3. We’re Fucked (The Great Filter is Ahead of Us)

We're fucked

If we’re neither rare nor early, Group 1 thinkers conclude that The Great Filter must be in our future. This would apply that life regularly evolves to where we are, but that something prevents life from going much further and reaching high intelligence in almost all cases—and we’re unlikely to be an exception.

One possible future Great Filter is a regularly-occurring cataclysmic natural event, like the above-mentioned gamma-ray bursts, except they’re unfortunately not done yet and it’s just a matter of time before all life on Earth is suddenly wiped out by one. Another candidate is the possible inevitability that nearly all intelligent civilizations end up destroying themselves once a certain level of technology is reached.

This is why Oxford University philosopher Nick Bostrom says that “no news is good news.” The discovery of even simple life on Mars would be devastating, because it would cut out a number of potential Great Filters behind us. And if we were to find fossilized complex life on Mars, Bostrom says “it would be by far the worst news ever printed on a newspaper cover,” because it would mean The Great Filter is almost definitely ahead of us—ultimately dooming the species. Bostrom believes that when it comes to The Fermi Paradox, “the silence of the night sky is golden.”


Explanation Group 2: Type II and III intelligent civilizations are out there—and there are logical reasons why we might not have heard from them.

Group 2 explanations get rid of any notion that we’re rare or special or the first at anything—on the contrary, they believe in the Mediocrity Principle, whose starting point is that there is nothing unusual or rare about our galaxy, solar system, planet, or level of intelligence, until evidence proves otherwise. They’re also much less quick to assume that the lack of evidence of higher intelligence beings is evidence of their nonexistence—emphasizing the fact that our search for signals stretches only about 100 light years away from us (0.1% across the galaxy) and has only been going on for under a century, a tiny amount of time.
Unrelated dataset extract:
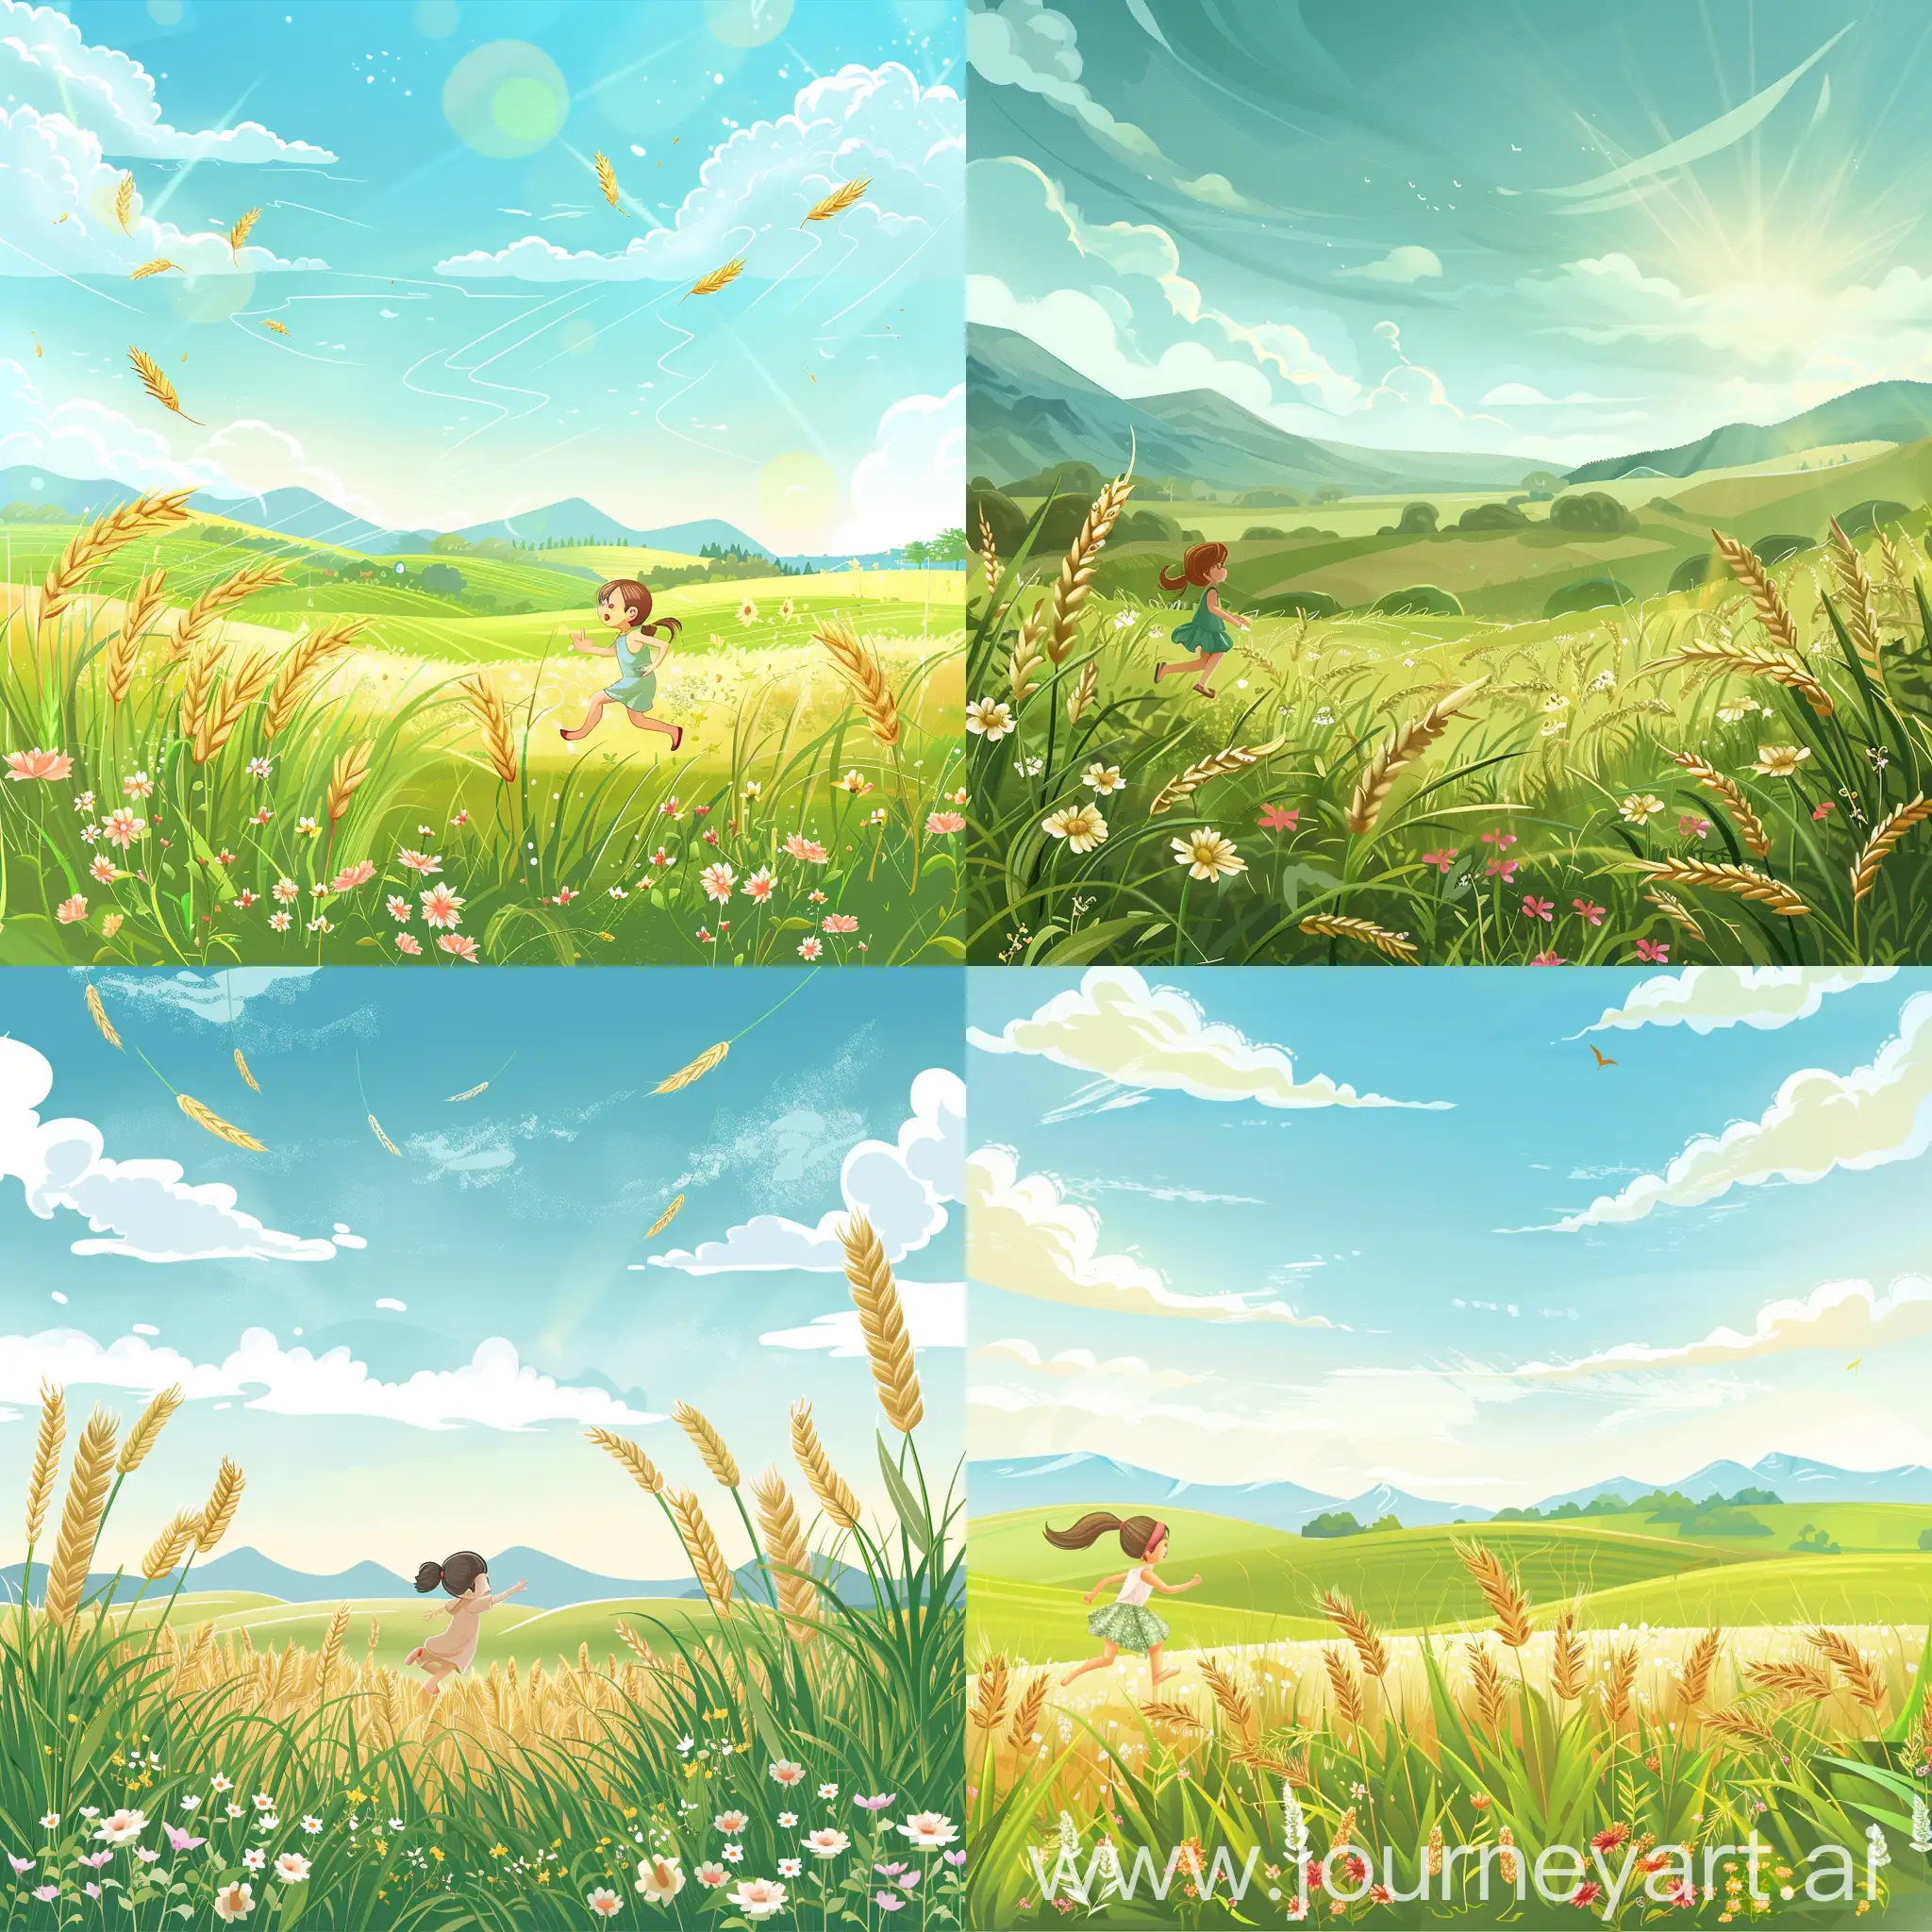 卡通风格的  明媚的天空 绿色的  宽阔的麦田   饱满的麦穗   远山那边 满山的花草  还有悠闲的 看不太清楚的 奔跑的小女孩

Group 2 thinkers have come up with a large array of possible explanations for the Fermi Paradox. Here are 10 of the most discussed:

Possibility 1) Super-intelligent life could very well have already visited Earth, but before we were here. In the scheme of things, sentient humans have only been around for about 50,000 years, a little blip of time. If contact happened before then, it might have made some ducks flip out and run into the water and that’s it. Further, recorded history only goes back 5,500 years—a group of ancient hunter-gatherer tribes may have experienced some crazy alien shit, but they had no good way to tell anyone in the future about it.

Possibility 2) The galaxy has been colonized, but we just live in some desolate rural area of the galaxy. The Americas may have been colonized by Europeans long before anyone in a small Inuit tribe in far northern Canada realized it had happened. There could be an urbanization component to the interstellar dwellings of higher species, in which all the neighboring solar systems in a certain area are colonized and in communication, and it would be impractical and purposeless for anyone to deal with coming all the way out to the random part of the spiral where we live.

Possibility 3) The entire concept of physical colonization is a hilariously backward concept to a more advanced species. Remember the picture of the Type II Civilization above with the sphere around their star? With all that energy, they might have created a perfect environment for themselves that satisfies their every need. They might have hyper-advanced ways of reducing their need for resources and zero interest in leaving their happy utopia to explore the cold, empty, undeveloped universe.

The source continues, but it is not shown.